# First person to name it gets a small box of wood



## kfuknives (Jun 27, 2012)

Ok, here is an unusual wood that you don't see too often. Its a bookmatched set thats3/8" thick at least 1 1/2" wide and over 7" long. The first person to name it gets a small flat rate box of goodies from me and you only get one vote!
http://i151.Rule #2/albums/s143/Bowdenknxvll/028.jpg


----------



## CodyS (Jun 27, 2012)

Can I name it bob? Do you include shipping to aus? :rofl2:

see how good I am won the competition just like that 

In seriousness don't know what it is


----------



## EricJS (Jun 27, 2012)

That's really pretty......lacewood?


----------



## tnhunter (Jun 27, 2012)

macadamia


----------



## kfuknives (Jun 27, 2012)

We have a winner!! I thought it would take a little longer than that. You must have worked with it before TN Hunter!
PM me your address and I will get the box out to you with the Macadamia included.


----------



## LoneStar (Jun 27, 2012)

You just solved a mystery.
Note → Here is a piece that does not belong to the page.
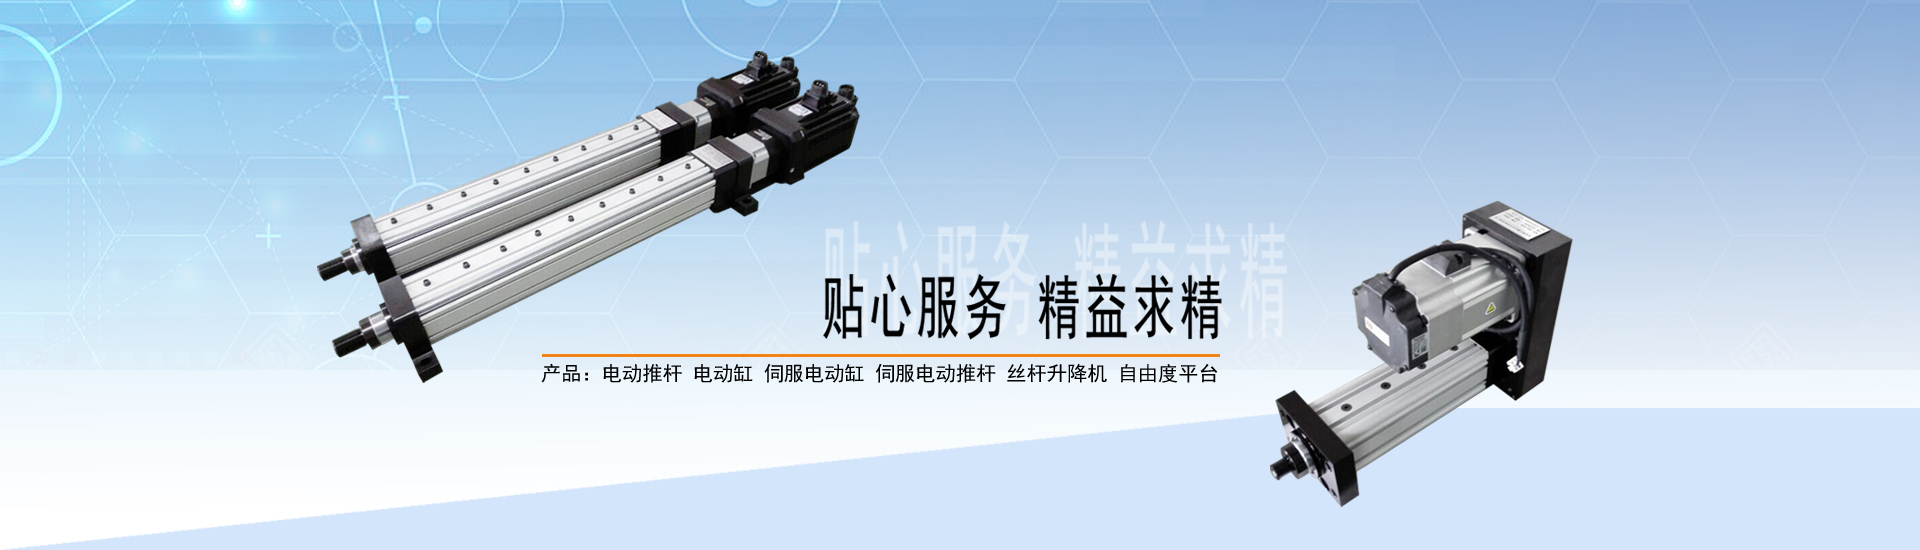 关于当前产品248cc永利集团官网线路·(中国)官方网站的成功案例等相关图片

I have an old pipe rack around here that is made out of this, I have been wondering for a long time what it was. Beautiful stuff !


----------



## tnhunter (Jun 28, 2012)

Thank you!!!!


----------



## Kevin (Jun 28, 2012)

Chris thanks for doing this. I love to see this kind of thread. It embodies the spirit of Wood Barter and what we strive for. A new member stepping up like this and being so generous is very encouraging. 5 big reps from the dude for this one.


----------



## kfuknives (Jun 29, 2012)

Thanks Kevin,
I have alot of wood that I will never use due to the size and I like to see it made into something nice. Plus, its fun to try and stump you guys! This is a great forum and Im glad that I found it finally.


----------



## NCWoodArt (Jul 22, 2012)

It is also sold as leopard-wood in many pen turning suppliers. I have a few that were cut into knife scales & pen blanks.

Bill


----------